Figure showing this C[k] vector, {0,7,2,1,6,3,5,4} with k pointing to the C[5] element, which is a 3. The element 7 in C[1] is 4 larger than the 3 in C[5] and itis 4 places away from C[5] since 5-1 = 4. The element 1 is in C[3]. It is 2 smaller than the 3 in C[5] and it 2 away from C[5] since 5-3 = 2. These are conflicts; the rest of the elements below k do not conflict.

We can use this test for conflicts between the k-th queen and the earlier i-th queen:

if ((column[i] == column[k] - (k - i)) || (column[i] == column[k] + (k - i))) // conflict

This code returns one when the gloabal vector columns[] contains a solution or zero otherwise.

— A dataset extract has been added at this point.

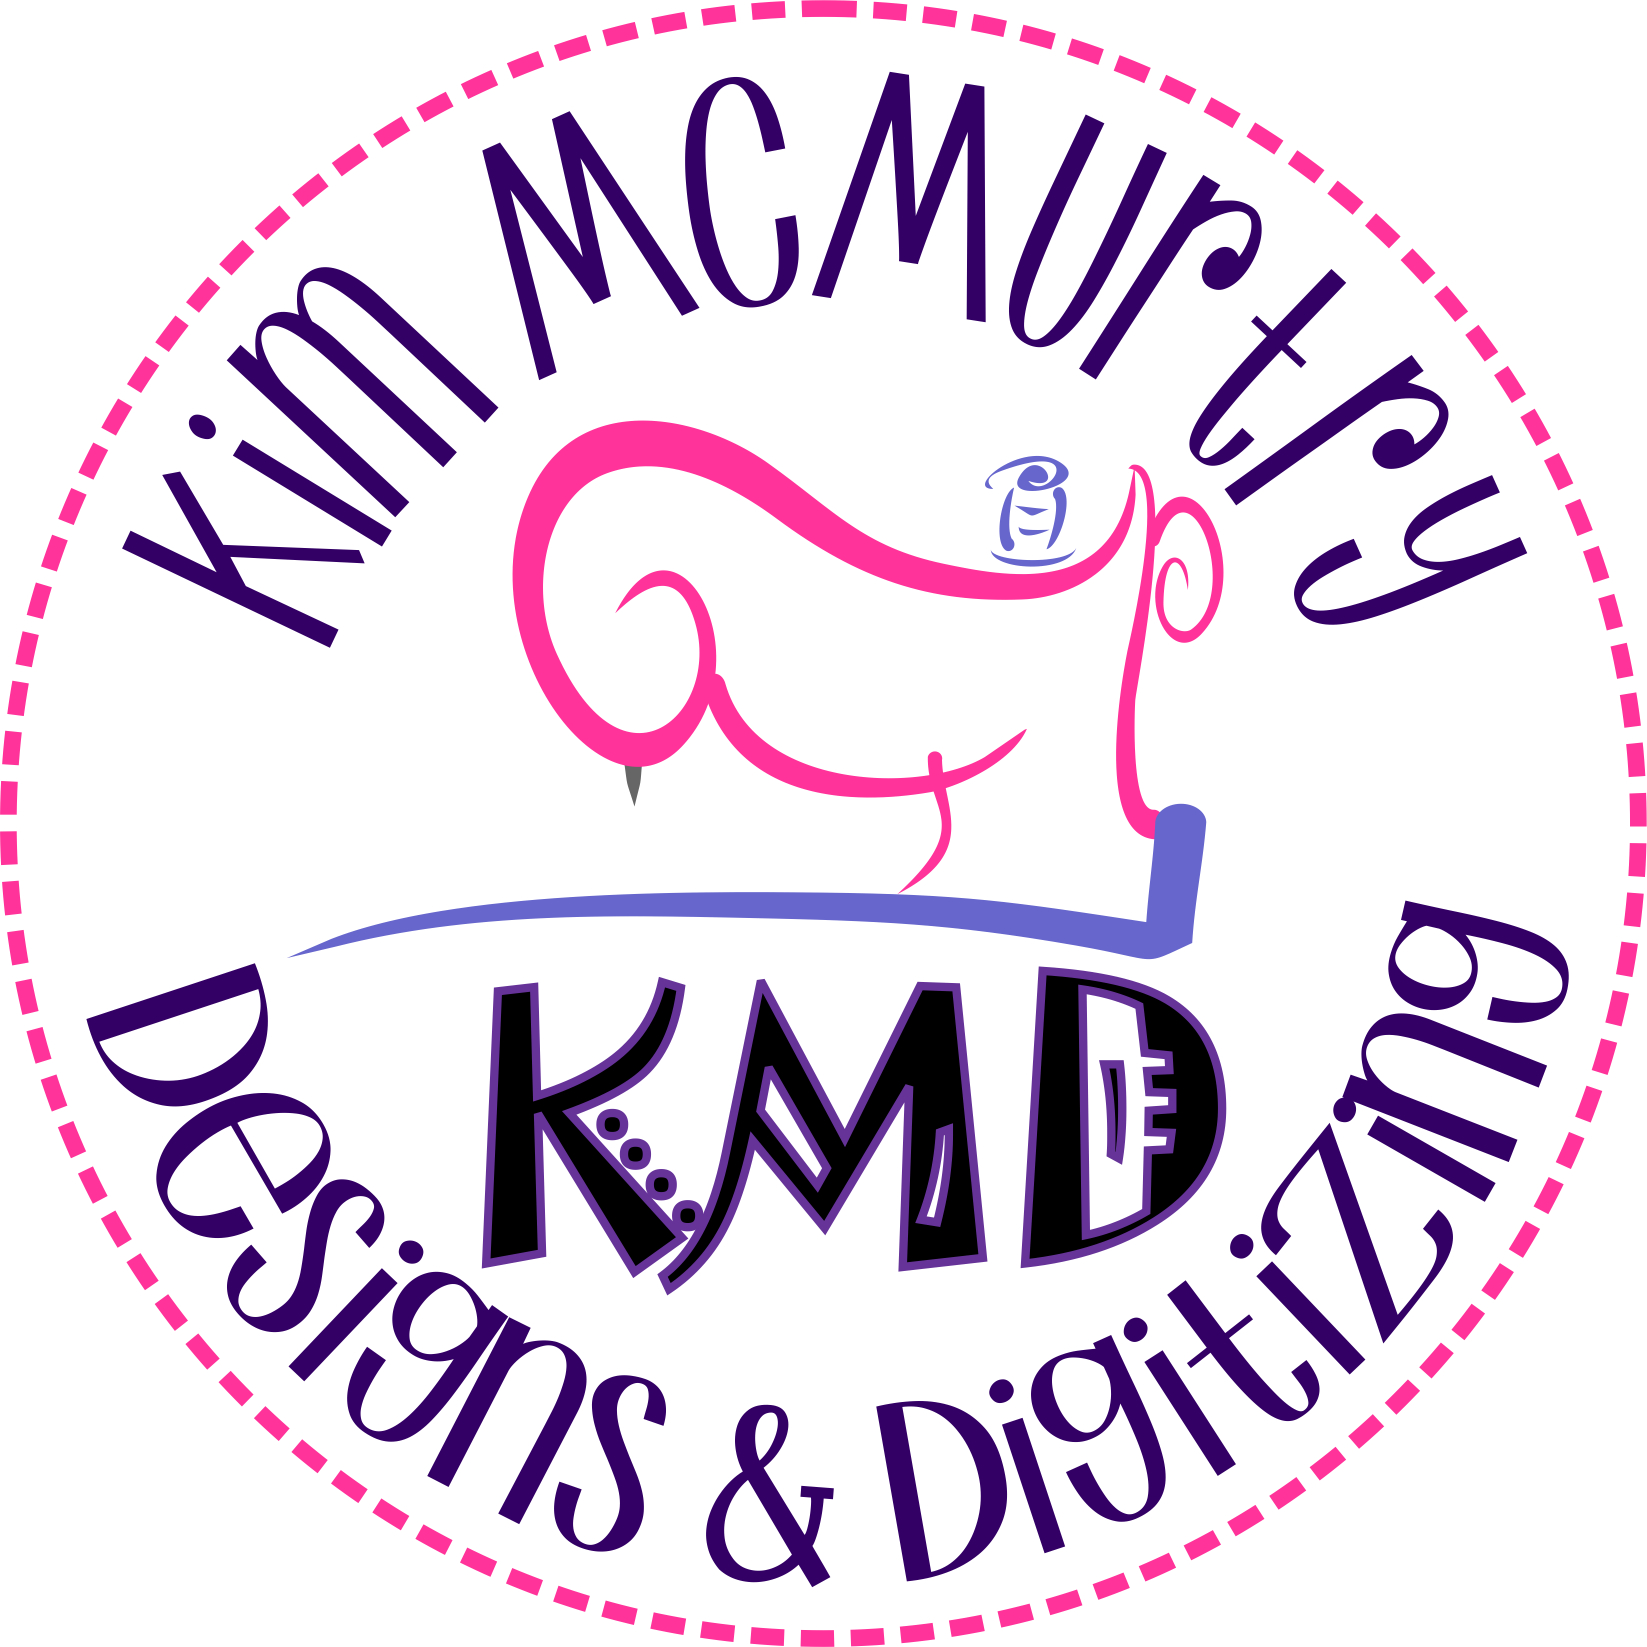 Kim McMurtry Digitizing & Designs

int queens(int k, int n) // N-queens test
	{ // n is the length of the vector, k is the position to begin testing
	if (k == n) return 1; // checking is complete - the solution has been found 
	for (int j = k; j < n; j++) // otherwise, permute and check the following queens
		{
		int temp = column[k]; column[k] = column[j]; column[j] = temp; // swap
		int conflicts = 0; // flag to keep track of conflicts
		 if (k != 0) for (int i = k-1; i >= 0; i--) // don't need to check when k == 0
			{
			counter++; // keep track of diagonal tests
			if ((column[i] == column[k] - (k - i)) || (column[i] == column[k] + (k - i))) // conflict
				{
				conflicts = 1;
				break; // no need to look further
				}
			}
			if (!conflicts && queens(k+1, n)) return 1; // solution found
		temp = column[k]; column[k] = column[j]; column[j] = temp; // not found, swap back
		}
	return 0; // no solution found
	} // end queens()

The attached script shows that this function produces the proper results. Notice that the number of comparisons is far fewer than N!.